Im liking going to the mailbox and finding cool things in amongst the not so cool junk mail. I need to get the bases on their way so we can start screwing things together, Im holding up the show. I went to the Post Office today with envelopes in hand and forgot it was a holiday. If I can get off in time, they should go tomorrow.

Brian


----------



## stevehuckss396 (Jan 20, 2009)

BobWarfield  said:
			
		

> Just got my cam ring. Boy that engraved HMEM logo is cool!
> 
> Thanks,
> 
> BW



This is unfair!!

Is'nt there some sort of rule about posting pictures!!


----------



## GailInNM (Jan 20, 2009)

Steve,
There are a couple of photos in the thread at:
http://www.homemodelenginemachinist.com/index.php?topic=2714.0
and a video of the final cut on the cam portion. I looks like it is a circle, but it is not.
Gail in NM,USA


----------



## stevehuckss396 (Jan 20, 2009)

GailInNM  said:
			
		

> Steve,
> There are a couple of photos in the thread at:
> http://www.homemodelenginemachinist.com/index.php?topic=2714.0
> and a video of the final cut on the cam portion. I looks like it is a circle, but it is not.
> Gail in NM,USA



Thanks, I feel better now.

Steve


----------



## kustomkb (Jan 21, 2009)

Got the Bases and Bearings today!

Thanks Joe, they look great!

Also, very nice packaging.

-Kevin.


----------



## te_gui (Jan 22, 2009)

OK folks, bases went out today. I finally had time to run out at lunch to the post office. Now you will have something to start bolting all these great parts too. I wish I had been able to spend a little more time on these parts, they are good dimensionally but any bling is on you. I gave them a quick deburr and that's about it. Eric, the 7 heading your way are in two packages. I hope they all make it, I have one spare just in case.

Brian


----------



## Brass_Machine (Jan 24, 2009)

I got a bunch of stuff today.

Joe, I got your package.

KustomKB, I got yours too!

I received Gails and Gharts last week!

Eric


----------



## ksouers (Jan 25, 2009)

Man, I didn't think I'd ever get to this point! Between work, family and holidays shop time has been scarce.

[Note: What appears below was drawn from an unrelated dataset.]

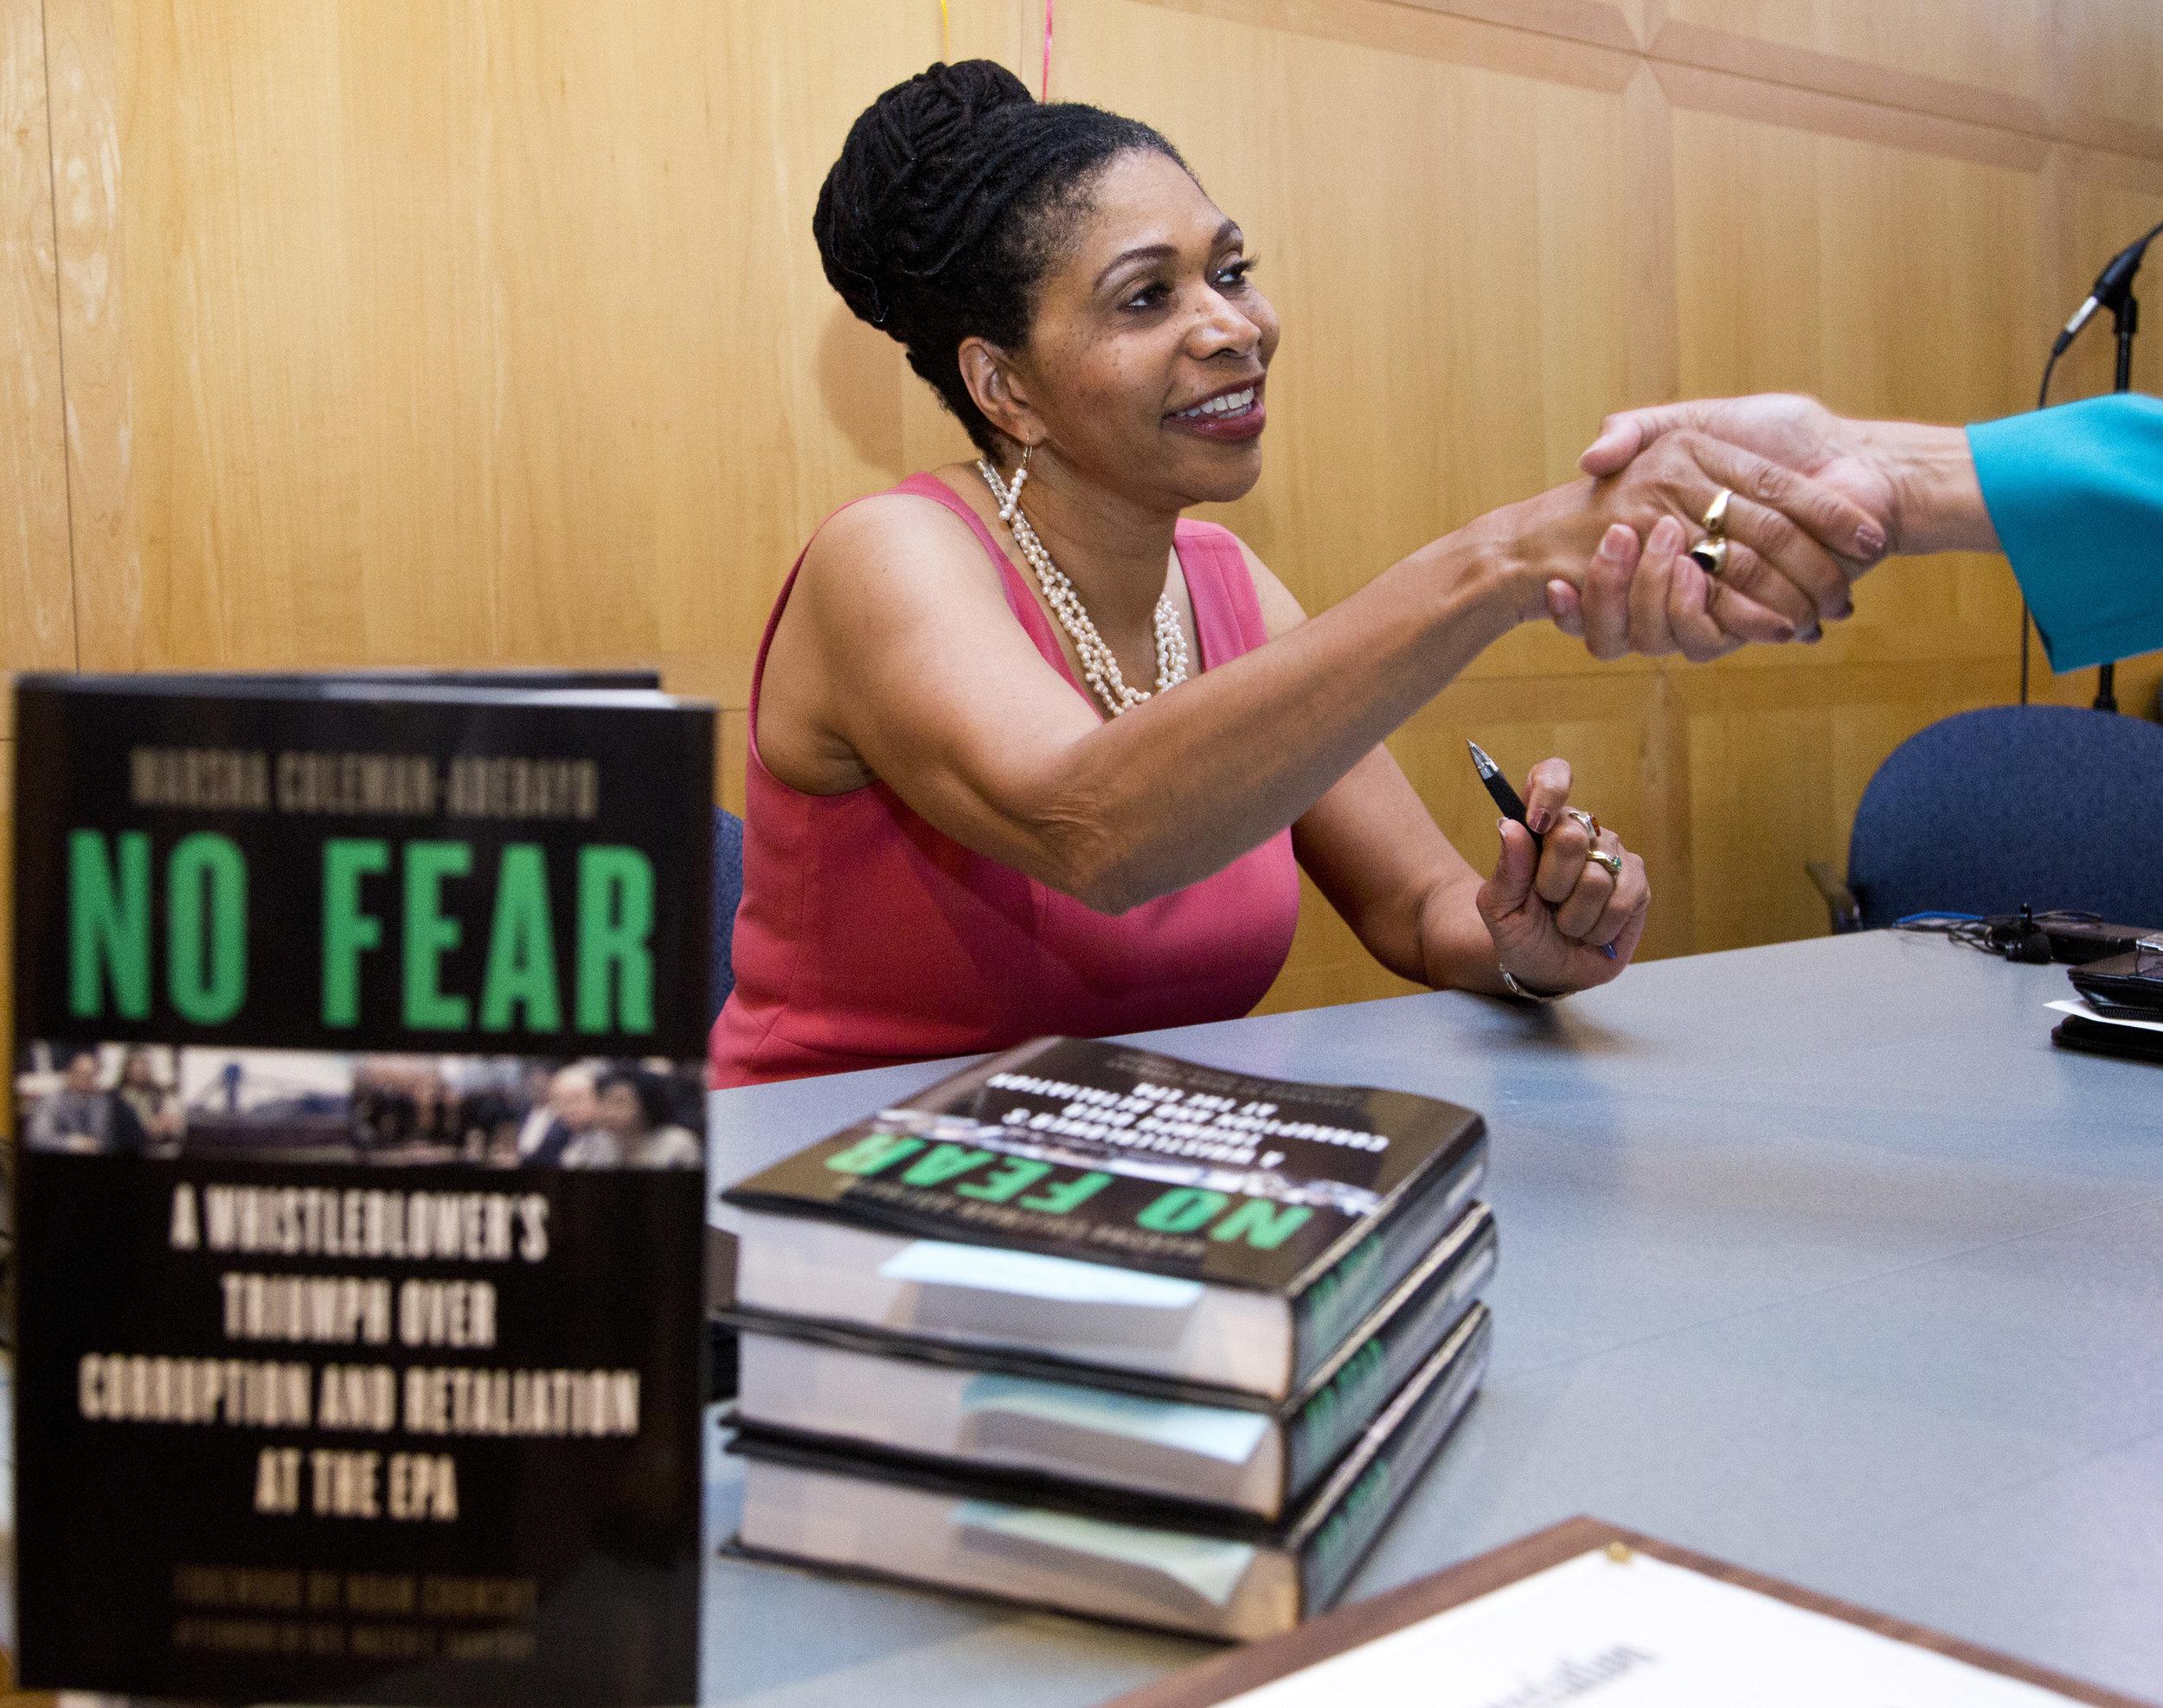 2012 07   No Fear  A Whistleblowers Triump Over Corruption and Retaliation at the EPA                                                044.jpg

I've four sets going out in tomorrow's mail. One just needs studs and a spacer, It'll probably go out tomorrow as well. Then I can pick up on the three repairs.







Kevin


----------



## kvom (Jan 25, 2009)

I haven't heard that anyone got my flywheels. Hope they arrived.


----------



## GailInNM (Jan 25, 2009)

KVOM,
I received my flywheel from you on Friday. I think the post office sent it the long way around the earth. The padded envelope was torn almost in half and had been taped back together. But the flywheel arrived in perfect shape with no dings or anything else to indicate it's ordeal. Looks good. Thanks.
Gail in NM,USA


----------



## kustomkb (Jan 25, 2009)

Kevin, Your parts look great!

were these spacers to move the flywheel out? are they the 4 on the left in your photo? I must have missed this detail. Hope its okay

Other Kevin.


----------



## ksouers (Jan 25, 2009)

Kevin,
Thanks. Yes, the spacers are to move the flywheel outside the bearing. Some people wanted the flywheel outside so I made the shafts extra long, so anybody who gets my cylinders will have to trim the shaft to length.

Yes, the ones I'm shipping tomorrow are on the left. I just got back with a fresh propane tank so hopefully I can get the shop warmed up again for a short session tonight. I should have at least one more going out with tomorrows mail, with a little luck maybe two.


Kevin


----------



## kustomkb (Jan 25, 2009)

Thanks for the clarification. I made the shafts with the extra length but overlooked the spacers. 
Are there any team members who don't have access to a lathe? I can mail out a spacer to whomever needs one.

I was doing some turning yesterday for a few minutes at a time. Freakin cold is right!
I really should have finished the shop before rennovating the dining room. What was I thinking!

-Kevin.


----------



## kvom (Jan 26, 2009)

Got my base today. Looks great. Thanks Brian.


----------



## ksouers (Jan 26, 2009)

Shipped 5 cylinder kits. The other 2 will be shipped as completed.

Got rod & forks from ghart and cam ring from Gail last week. Brian's base arrived today. 

All very nice work! I hope I've reached the standard set so far.



Kevin


----------



## Brass_Machine (Jan 26, 2009)

Got the bases from te_gui today!

Eric


----------



## te_gui (Jan 27, 2009)

Eric, was two envelopes, both make it?


----------



## Brass_Machine (Jan 27, 2009)

te_gui  said:
			
		

> Eric, was two envelopes, both make it?



Yes sir! They both arrived


----------



## kvom (Jan 28, 2009)

Bearing blocks arrived today. Thanks, Dick!


----------



## kustomkb (Feb 27, 2009)

Just wondering about the status of the parts for the non Americans.

-Kevin.


----------



## Brass_Machine (Feb 27, 2009)

Hey Kevin,

I am just waiting for the rest of the stuff to come in.

Eric


----------



## kustomkb (Feb 28, 2009)

Thanks Eric.


----------



## Brass_Machine (Mar 24, 2009)

Hey guys...

I am still waiting on some parts from some of you.

Eric


----------



## BobWarfield (Mar 26, 2009)

Soon...







Some minor issues remain to be cleared up:

http://www.homemodelenginemachinist.com/index.php?topic=2357.0

Cheers,

BW


----------



## HS93 (Sep 17, 2010)

whats with all this wedding dress advertising? I for one want to forget mine :big:

Peter


----------